The paper also reports that CoST-generated structured data improves downstream reasoning by strong LLMs on Loong. Replacing raw documents with structured data produced overall score gains of +12.41 for Qwen2-72B-Instruct, +8.77 for GPT-4o-mini, +9.04 for GPT-4o, and +8.47 for Claude-3.5-Sonnet, with corresponding PR gains of +0.10, +0.05, +0.04, and +0.08. On prompting alone, CoST also outperforms zero-shot, CoT, and DSPy/MiPRO-style prompt optimization; for example, on Finance, GPT-4o improves from 79.32 with zero-shot and 80.08 with CoT to 82.39 with CoST.
Generalization beyond Finance is also reported. On Loong Legal, LLaMA-LiteCoST improves from 30.67 to 45.45, and Qwen-LiteCoST improves from 38.05 to 44.94. On LongBench F1, Qwen-LiteCoST reports 30.40 / 44.64 / 68.39 / 65.73, compared with GPT-4o at 28.68 / 43.39 / 67.68 / 68.29, outperforming GPT-4o on NarrativeQA, Qasper, and HotpotQA.
6. Ablations, failure modes, and scope
The ablation results isolate both the structural prompting contribution and the training contribution. On Finance, the ordering is consistently zero-shot < CoT < CoST; for Qwen2.5-14B-Instruct, AS rises from 75.60 to 77.51 to 79.01, and for GPT-4o, from 79.32 to 80.08 to 82.39. The appendix also shows that GRPO improves over SFT alone: for LLaMA-3B, SFT = 72.27 and SFT+GRPO = 76.95; for Qwen-7B, SFT = 76.83 and SFT+GRPO = 79.93 (Liang et al., 31 Mar 2026).
Reward ablations indicate that both outcome and process rewards matter. On Finance, for the LLaMA backbone, the full model scores 76.95, compared with 75.52 without process reward and 72.55 without outcome reward. For Qwen, the full model scores 79.93, compared with 77.39 without process reward and 75.43 without outcome reward.
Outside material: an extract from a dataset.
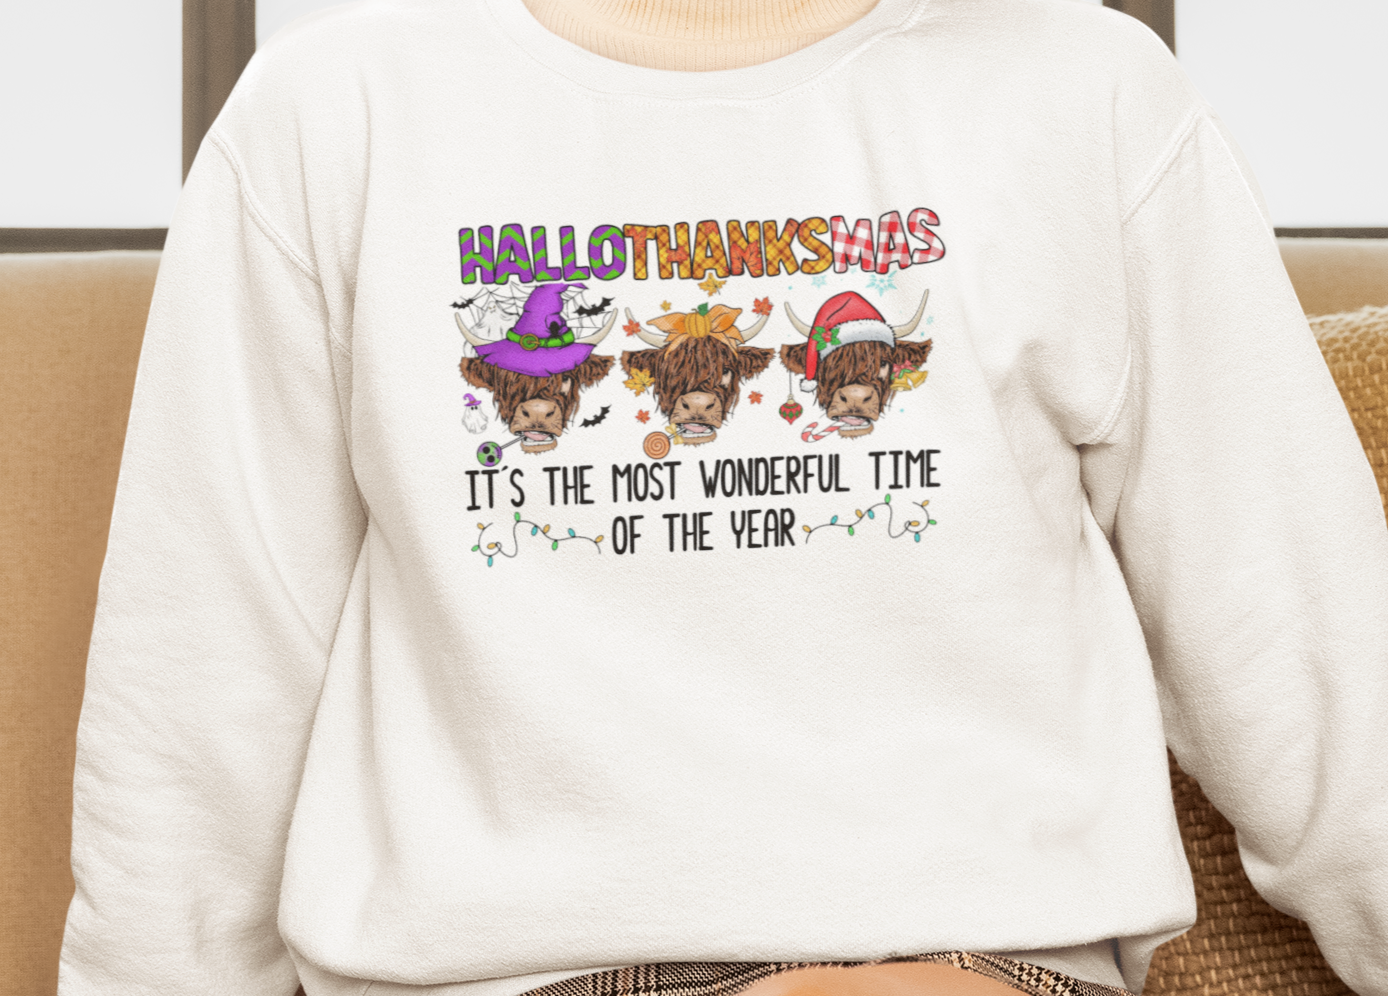 Hallothanksmas Cows Crewneck Pullover Sweatshirt

The paper interprets outcome reward as the dominant driver of final accuracy, with process reward still providing a meaningful gain.
The paper also identifies a concrete failure mode: if the structured representation omits or corrupts a critical value, the structure itself becomes the bottleneck. In the reported Spotlight Locating example, the question asks for the company with 1 in Accounts Receivable; the ground truth is CIRTRAN CORP, but the extracted table assigns None to that field, leading to the answer “Not Provided.” This supports the paper’s more nuanced claim that structured representations can slightly hurt tasks where compression loses subtle contextual clues, especially Spotlight Locating and Chain-of-Reasoning.
The stated limitations are that broader generalization to more distinct domains remains to be fully verified, domain-specific document QA datasets are scarce, and the framework depends heavily on a strong teacher LLM—especially GPT-4o and GPT-4o-mini—for CoST generation, verification, iterative refinement, and some reward judging. LiteCoST is therefore best understood as a teacher-distilled, structure-first framework whose strongest operating regime is long-document QA where the answer is naturally grounded in a compact structured representation.